In the first example, there’s no good way to separate red from blue. But in the second example you could easily choose a good decision boundary. This second subspace isn’t just any subspace, it’s actually the subspace that does the best job of separating red and blue. It was obtained by using LDA.

This is what LDA does in general. It finds the best possible subspace for a given classification problem. When there are only two classes, LDA finds a subspace that maximizes the ratio of variance between the classes to variance within the classes. This means that it finds a subspace where classes are far apart from each other, but the observations within each individual class are close to each other. LDA can also be applied when there are more than two classes, but this is slightly more complicated.

Once LDA finds the best subspace, data points can be projected onto that subspace. This yields a data set with fewer dimensions but nearly as much predictive power. LDA can also be used as a classifier by itself with the additional step of computing a decision boundary.
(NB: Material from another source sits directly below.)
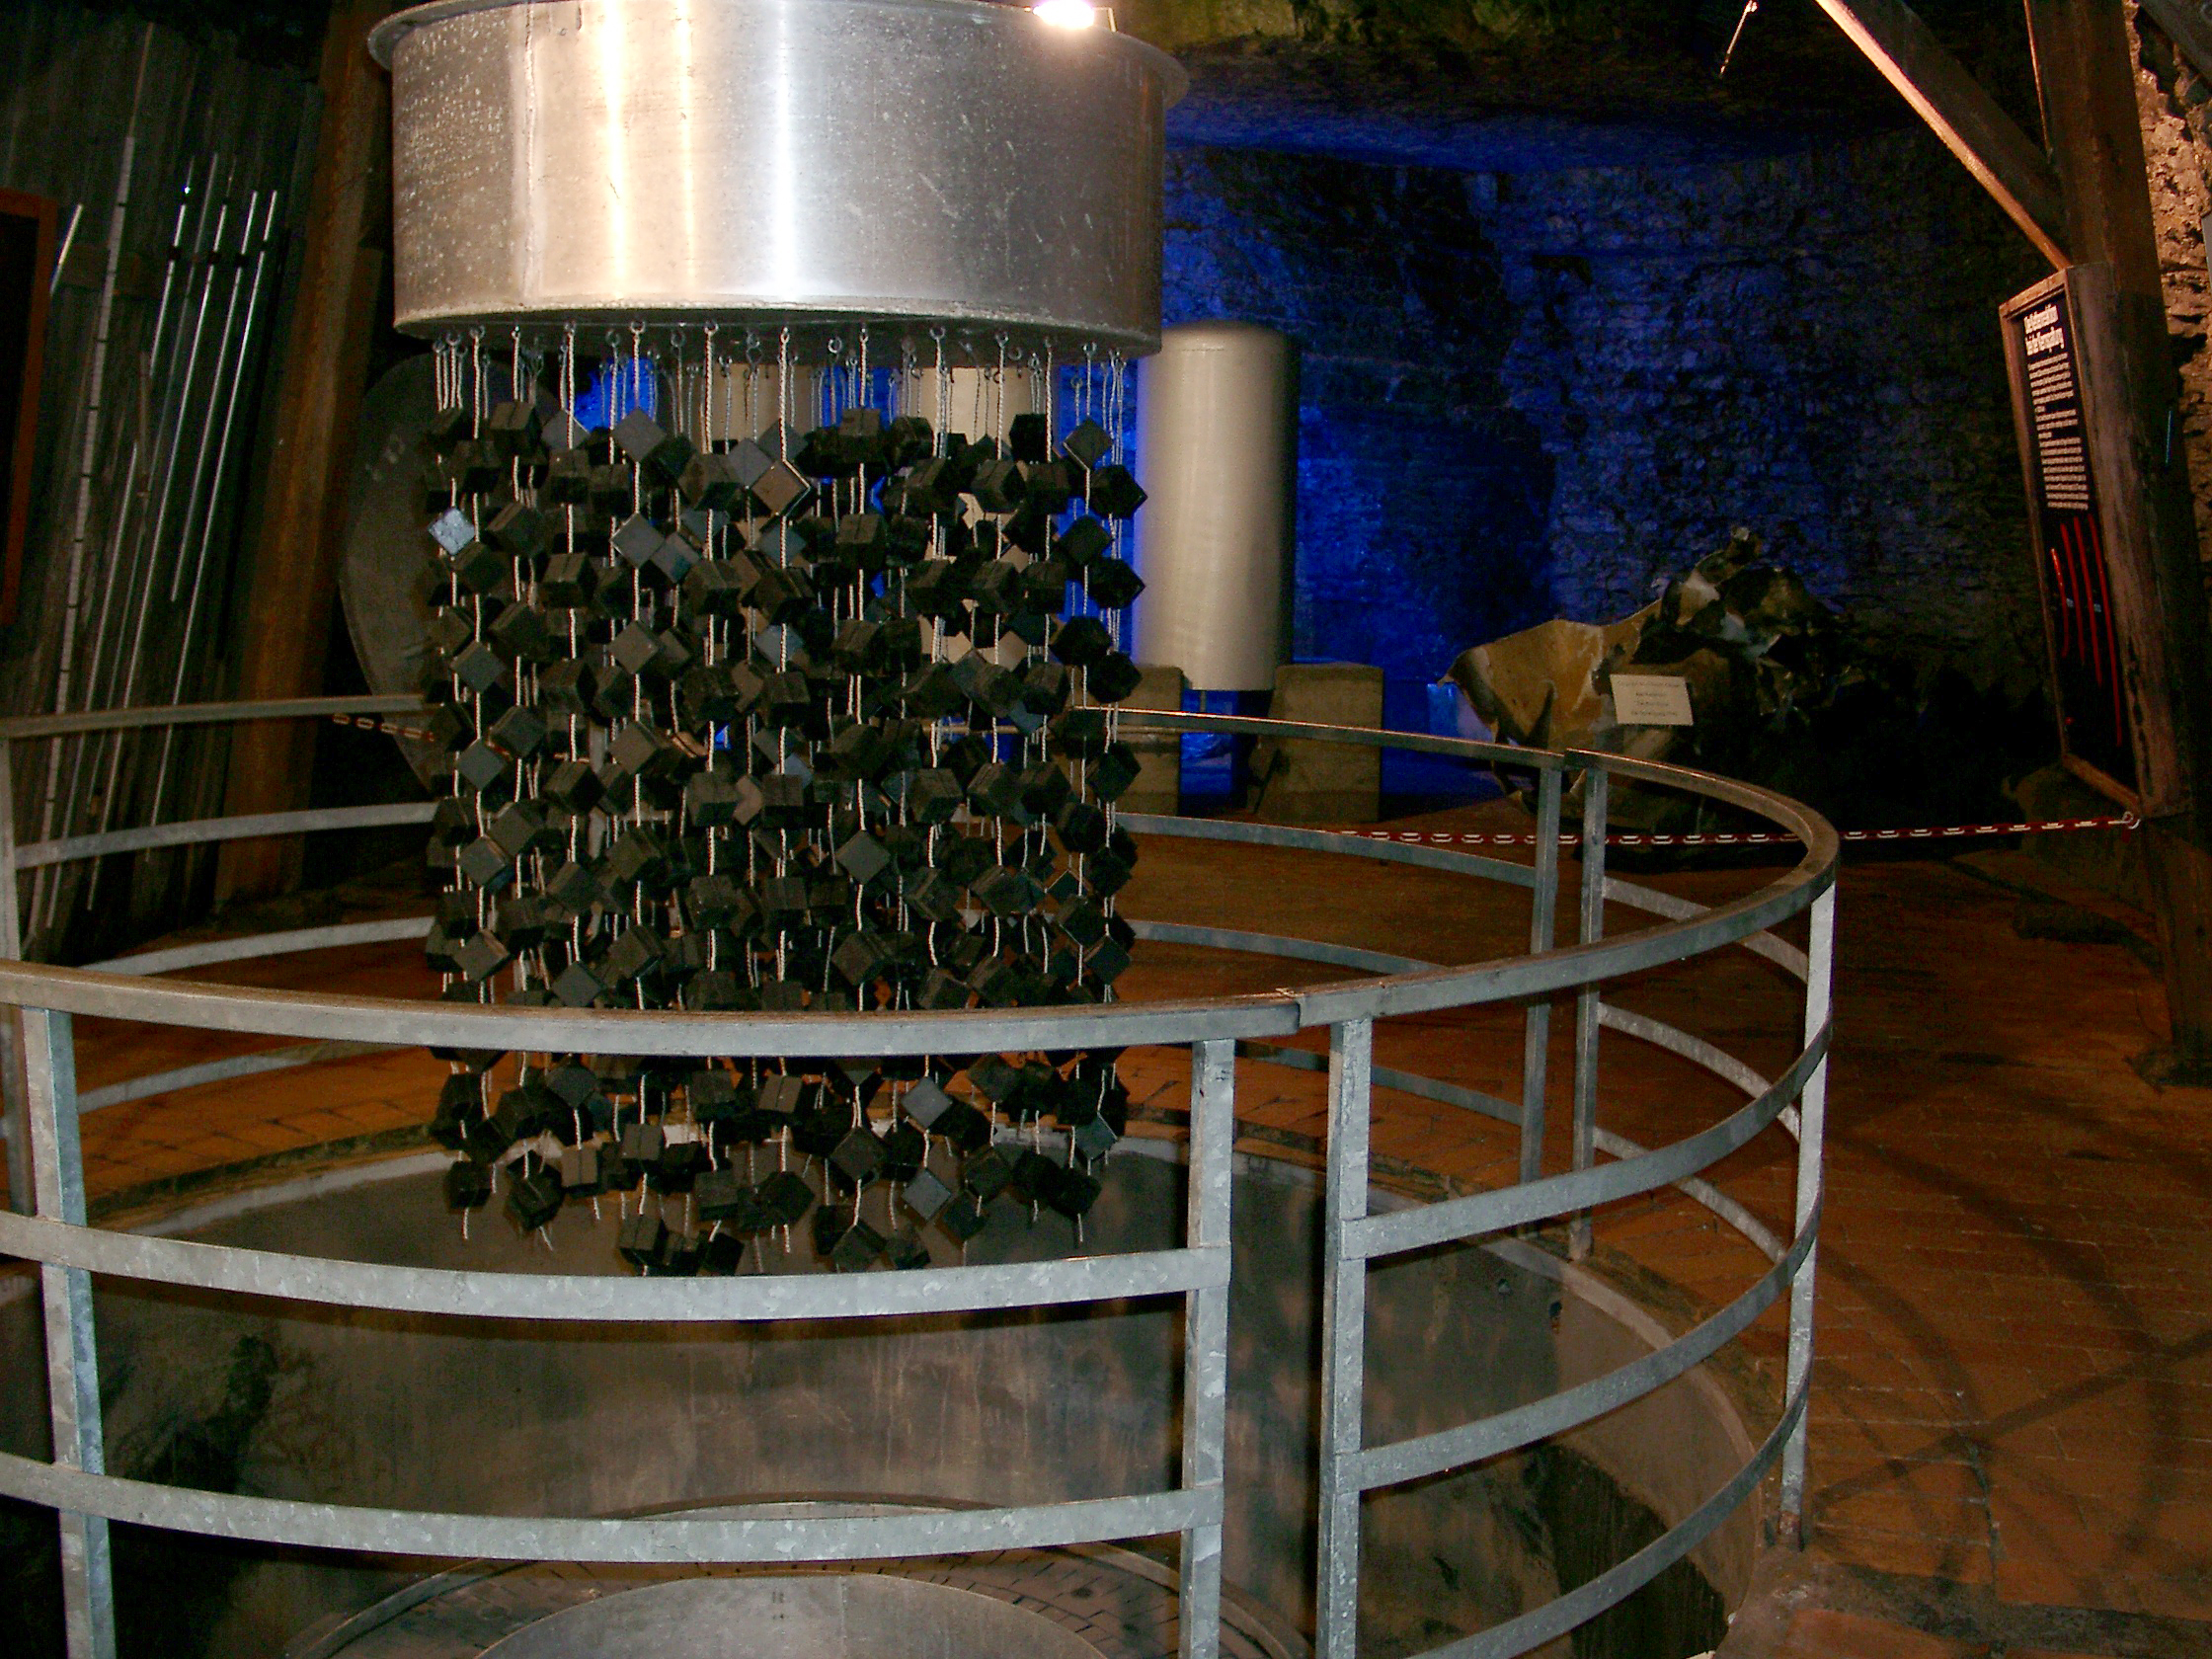 external image Haigerloch-nuclear-reactor.JPG
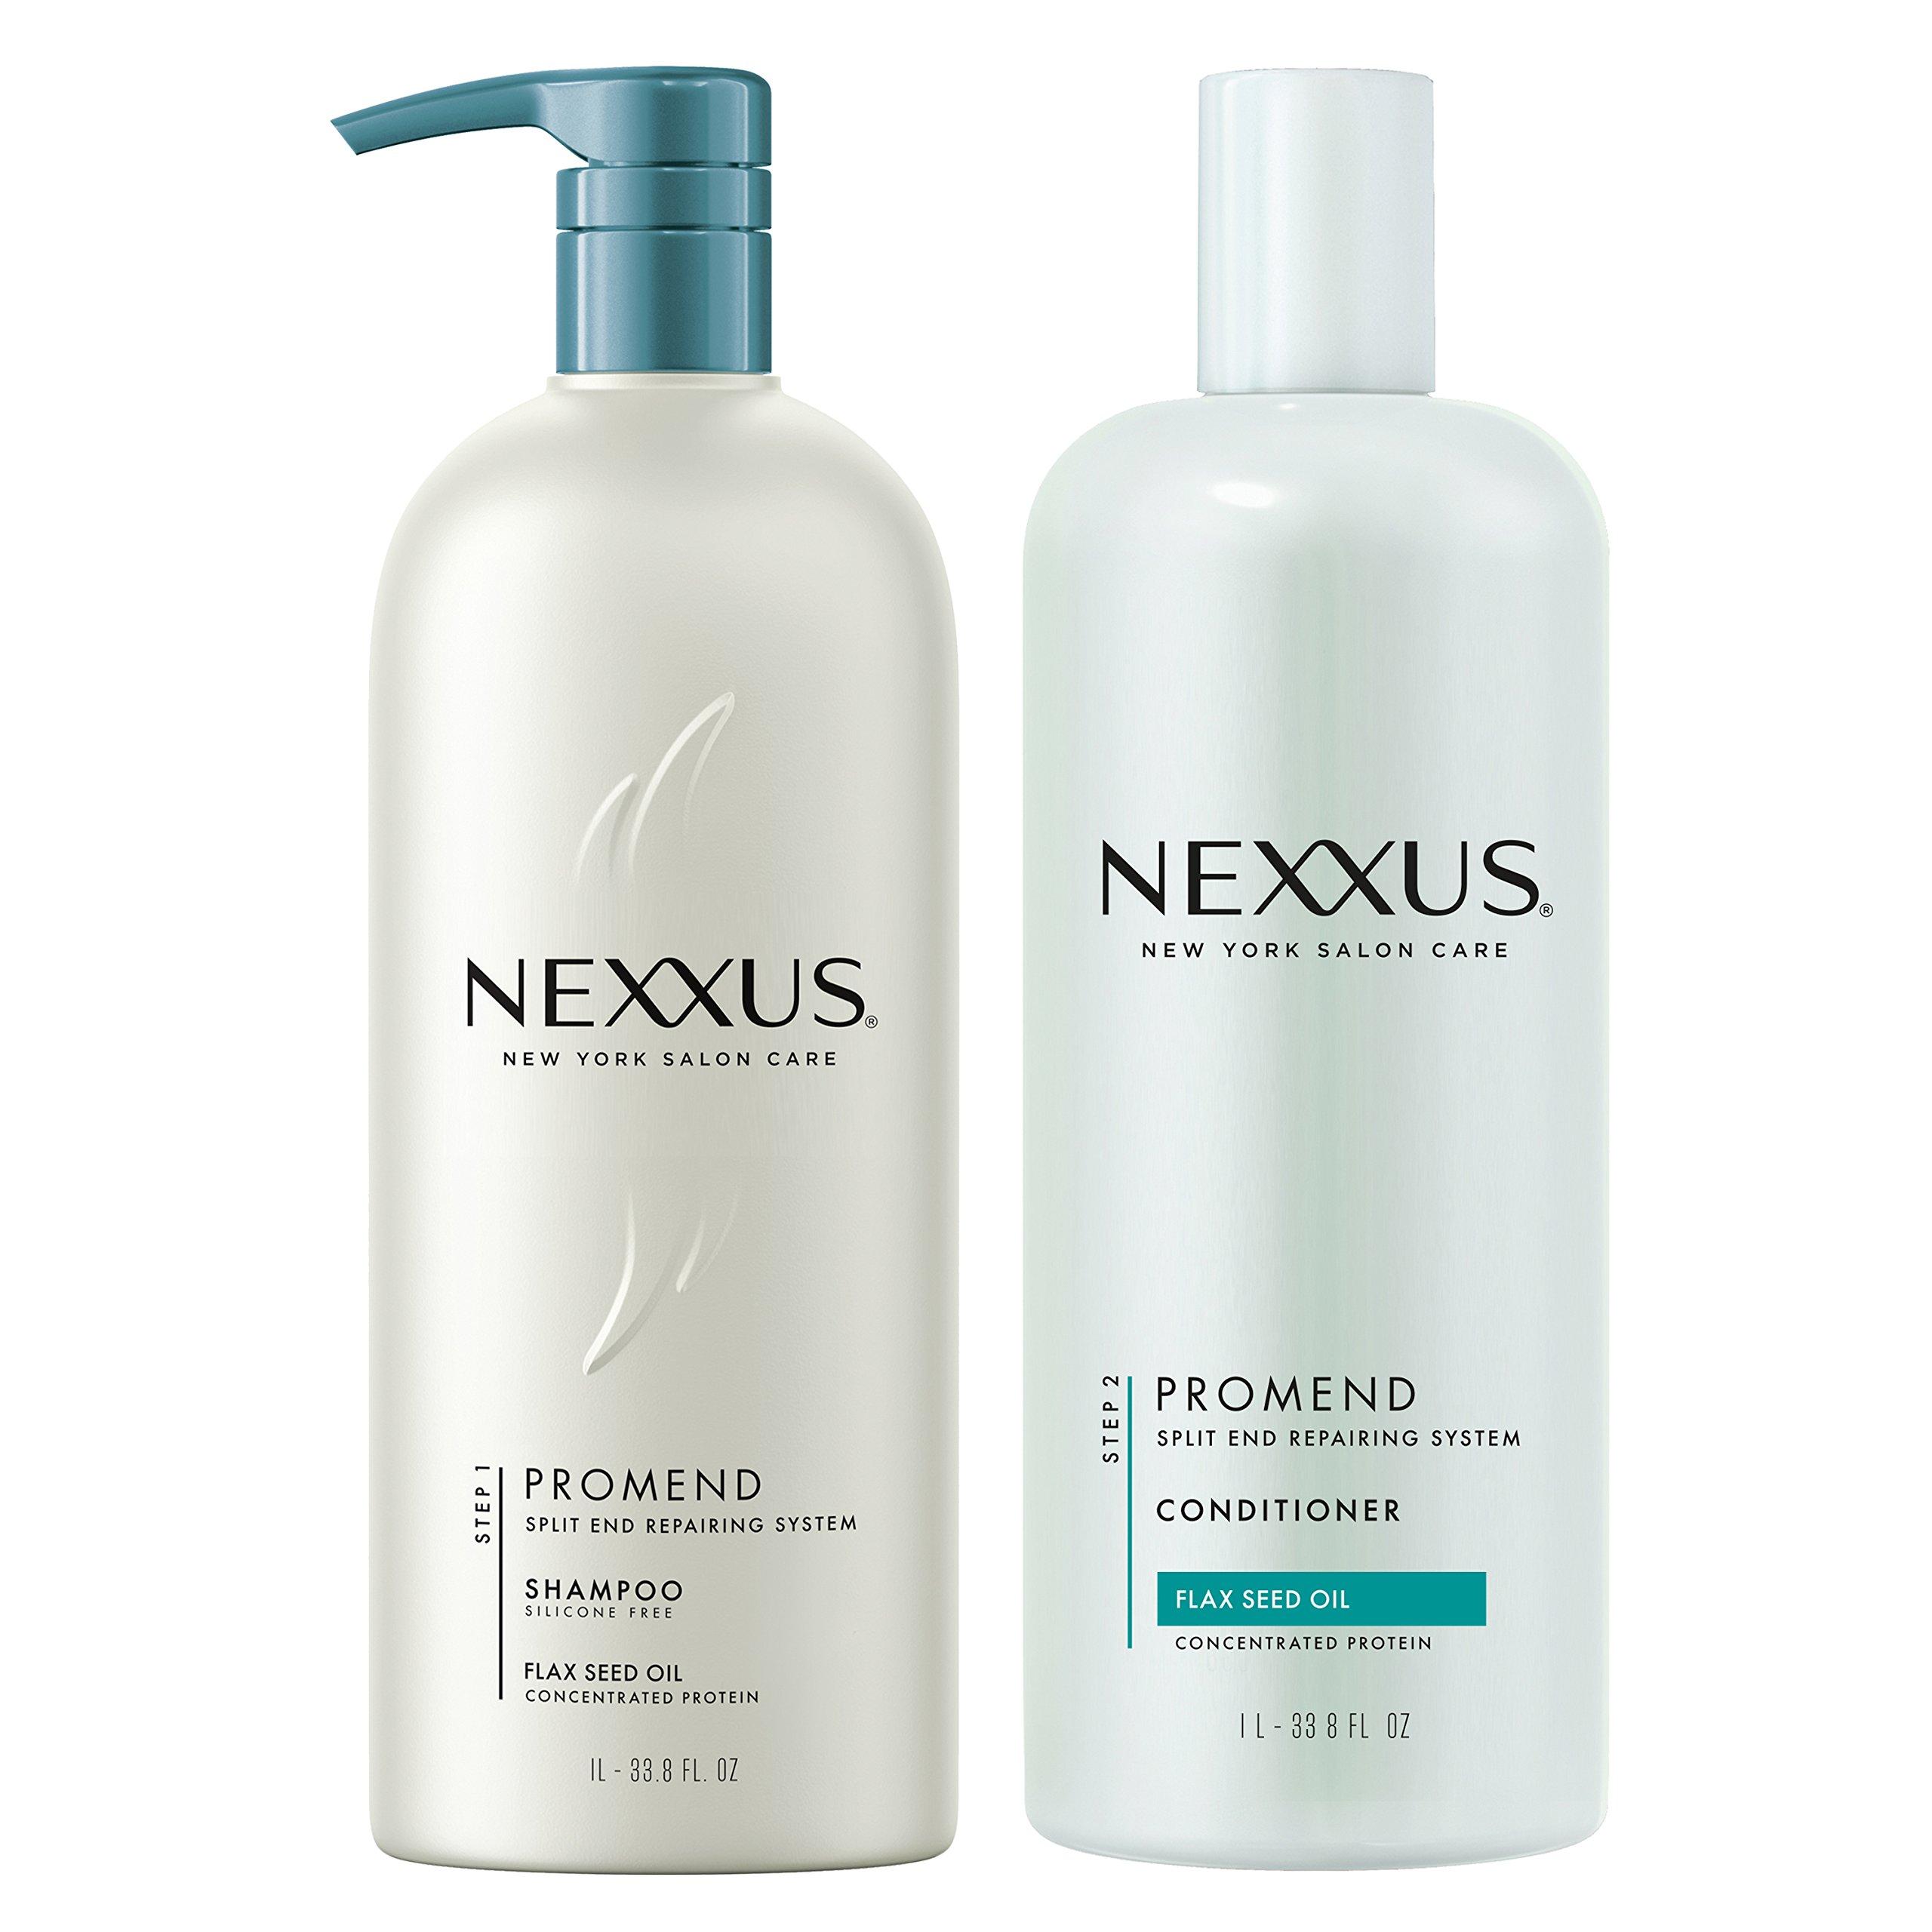 Amazon.com : Nexxus Pro Mend Overnight Treatment Crème, 1

Notice that LDA is similar to Principal Component Analysis (PCA). Both LDA and PCA are dimensionality reduction tools. They both reduce dimensions in a similar way: by using linear algebra to find optimal subspaces for a statistical or machine learning problem.

A key difference between LDA and PCA is that they have different applications. PCA uses linear algebra techniques to find a subspace that maximizes the variance of a data set. This means that PCA basically finds the subspace that is best for linear regression problems. LDA, on the other hand, uses linear algebra techniques to find a subspace that is best for classification problems.

```python
# Import libraries
import pandas as pd
from sklearn.discriminant_analysis import LinearDiscriminantAnalysis

# Load data
seeds = pd.read_csv('seeds.csv')
X = seeds.drop('variety', axis=1)
y = seeds['variety']

# Create LDA model
lda = LinearDiscriminantAnalysis(n_components=1)

# Fit the data and create a subspace X_new
X_new = lda.fit_transform(X, y)
```

X_new is a 1-dimensional subspace of X. We can use it to train a classifier like logistic regression.
```python
# Import library
from sklearn.linear_model import LogisticRegression

# Create logistic regression model
lr = LogisticRegression()

# Fit the model
lr.fit(X_new, y)

# Model accuracy
print(lr.score(X_new, y))
```


## **T-distributed Stochastic Neighbor Embedding (t-SNE)**

T-distributed stochastic neighbor embedding (t-SNE) is another dimensionality reduction technique, but it uses a nonlinear method to map each data point from a high-dimensional space to a 2- or 3-dimensional space. As its name implies, t-SNE uses the student t-distribution to model the points in a way such that similar points are mapped closer to each other and dissimilar points are further apart. As a result, t-SNE is great at preserving the local structure of the original data.